PARENTING TIPS TO IMPROVE VERBAL INTERACTION WITH KIDS

To assist parents increase the level, and improve the quality, of their verbal interactions with their children, here are a few suggestions.

• Keep a paper and a pencil handy and make notes of the things you hear your children talking about or expressing interest in. When you hear them discussing to their friends or to one another, make note of the things they spoke about. The topics they bring up on their own and spend time talking about provide you with the best clues available about what is of interest to them.

• Talk to your children in a very natural way. Make sure it doesn’t come across as a formal discussion.
• Don’t try to be too “hip” as you talk to children. Avoid the use of terms and language the kids use. Use terms that are most familiar to you and the most characteristic of you, but which the kids understand. Kids don’t like it when their parents try to talk like kids.

• Watch for signs that tell you you’ve talked long enough.
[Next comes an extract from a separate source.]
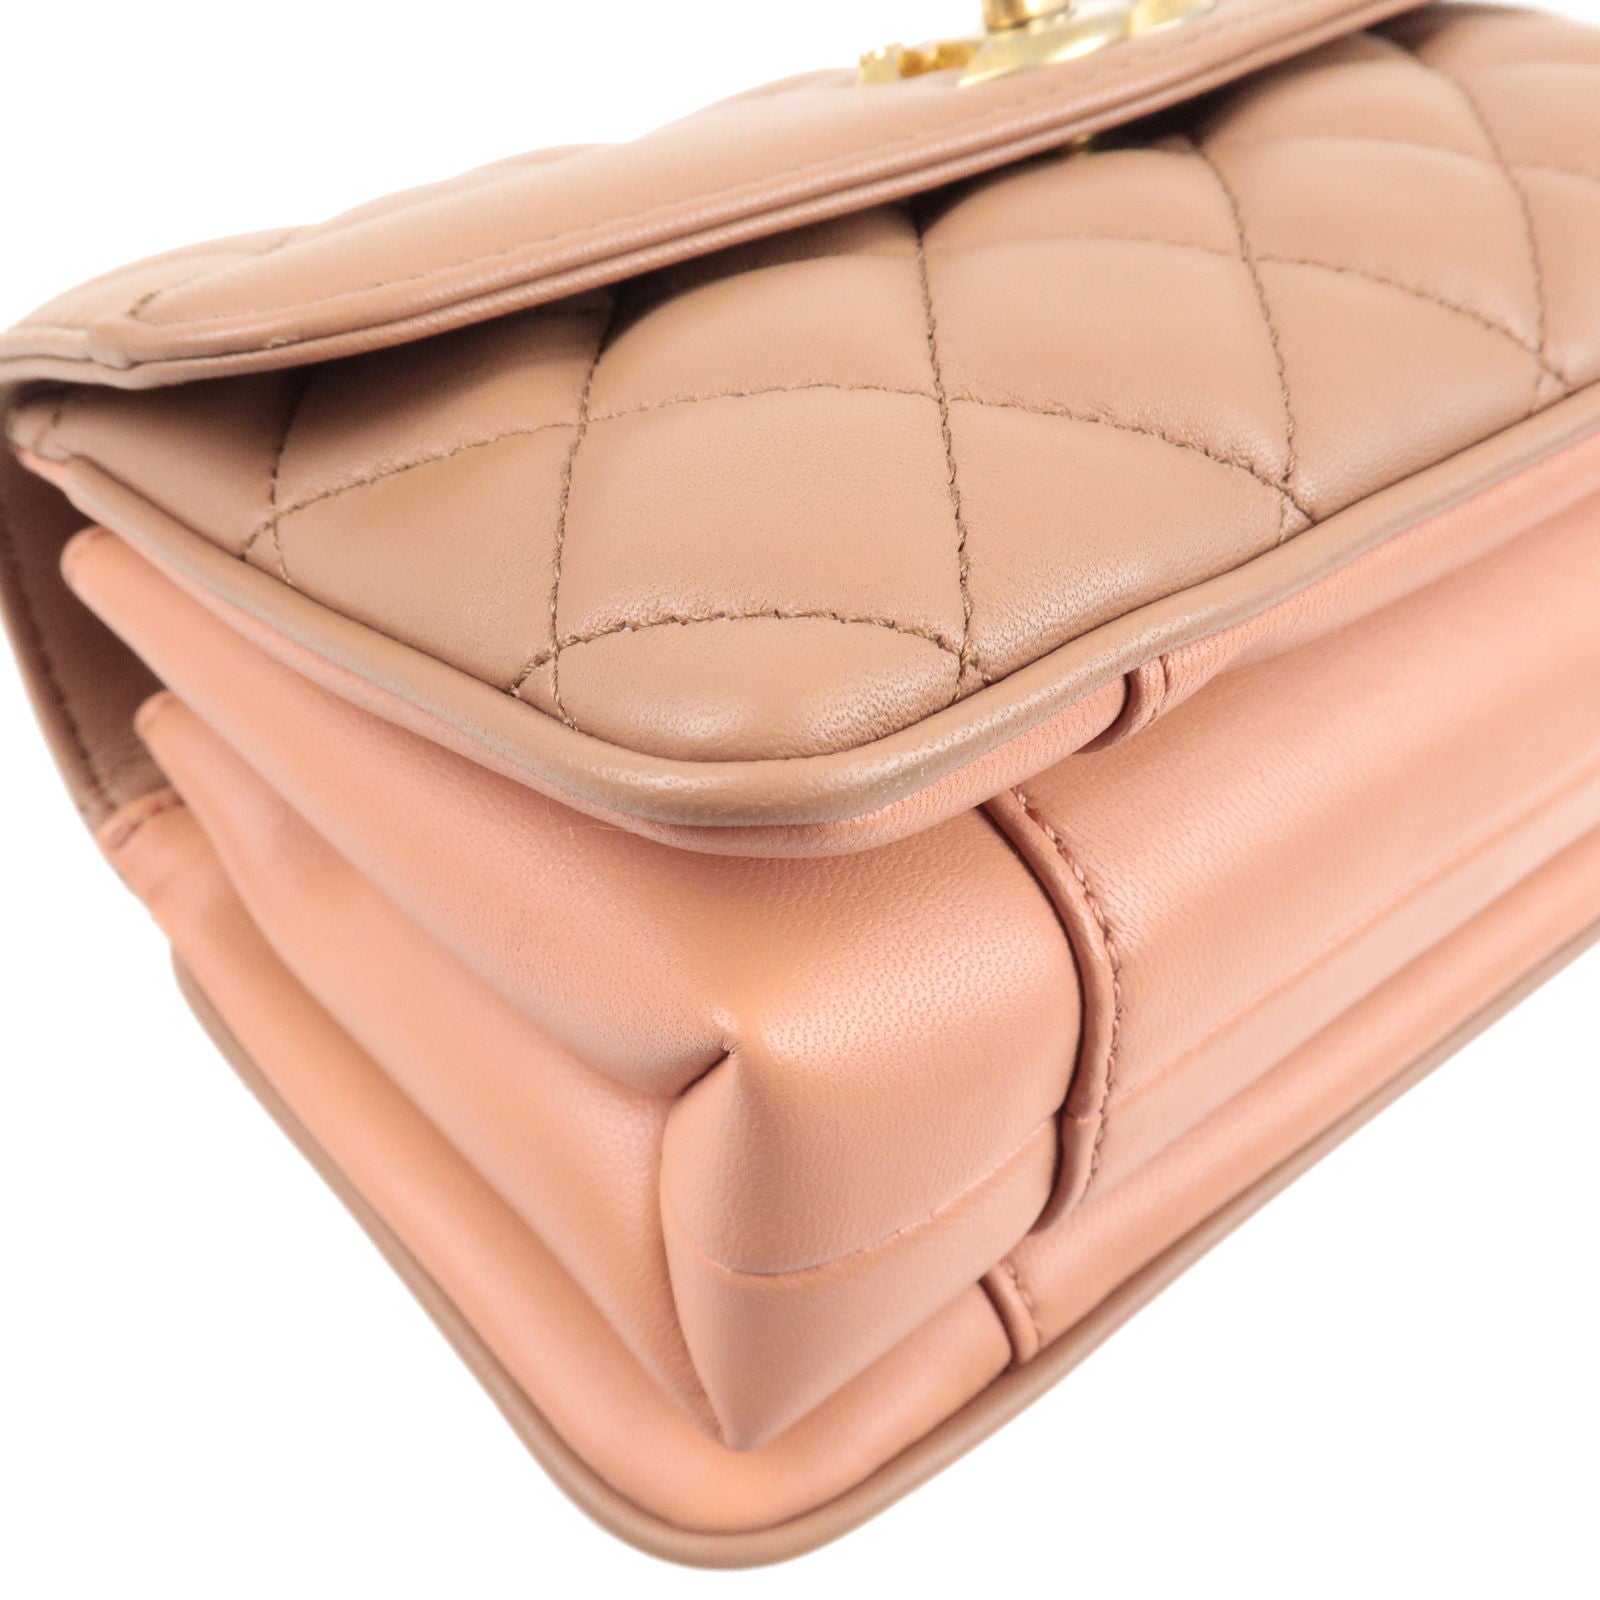 CHANEL Coco TurnLock Mini Matelasse Lambskin Chain Shoulder Bag – Tibi Trunk

Ordinarily, conversations with children about “just things” don’t usually last very long. For that matter, kids don’t typically spend very long talking with their friends about such things. They bounce around from topic to topic, and thing to thing, never spending much time on anything or going into much depth

• Keep the conversation dignified. Avoid gossip, profanity, off-color jokes, or turns-of-phrase that compromise your adult level of dignity and civility. Remain a cut above “just one of the guys.” Children want their parents to have class. They want their parents to be someone to look up to. The quality of your conversations with them can go a long way in establishing that image of you in your children’s eyes. An occasional, appropriate joke is a very good thing. While the family is gathered around the dinner table is a wonderful time to share a good joke and bring a little humor into the family.
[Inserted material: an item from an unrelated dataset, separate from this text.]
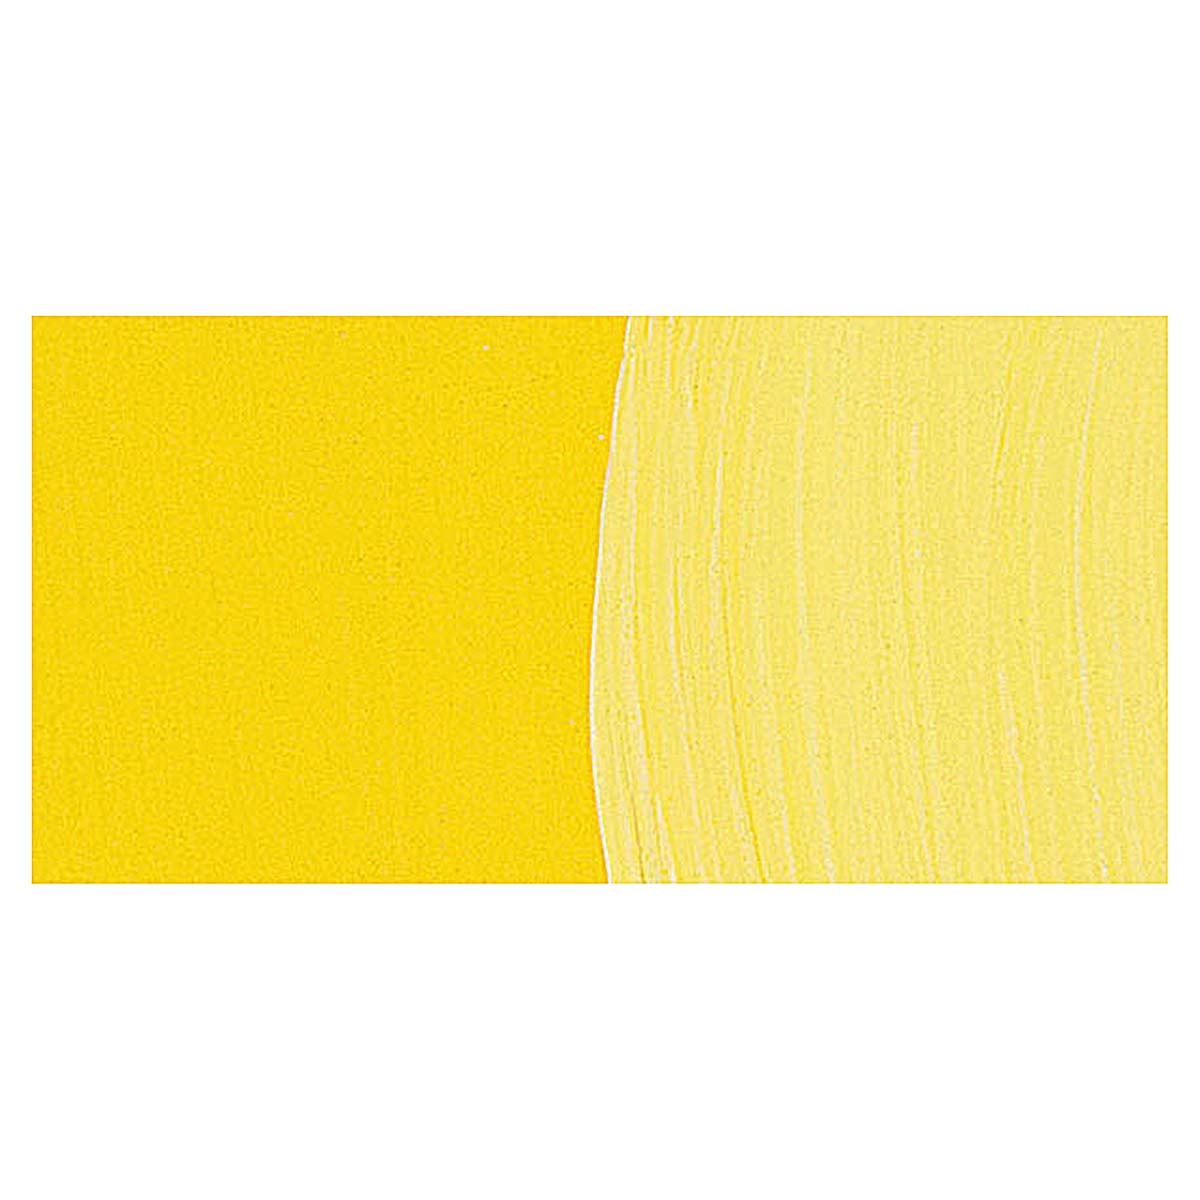 Winsor & Newton Designers Gouache - Cadmium Yellow Pale 14 ml

• Avoid ethnic jokes or any kind of joke or story that puts another person or another people down or that evokes humor at the expense of someone else. Maintain your dignity as an adult by showing respect for other cultures. Children really appreciate that.

• Regarding jokes, appropriate, clean humor is a characteristic of low-risk families. In such families there is a lot of smiling, laughing and lots of happy times. Come to the dinner table every night with a couple of good jokes. 
Children who learn good verbal skills are more likely to also have good social skills.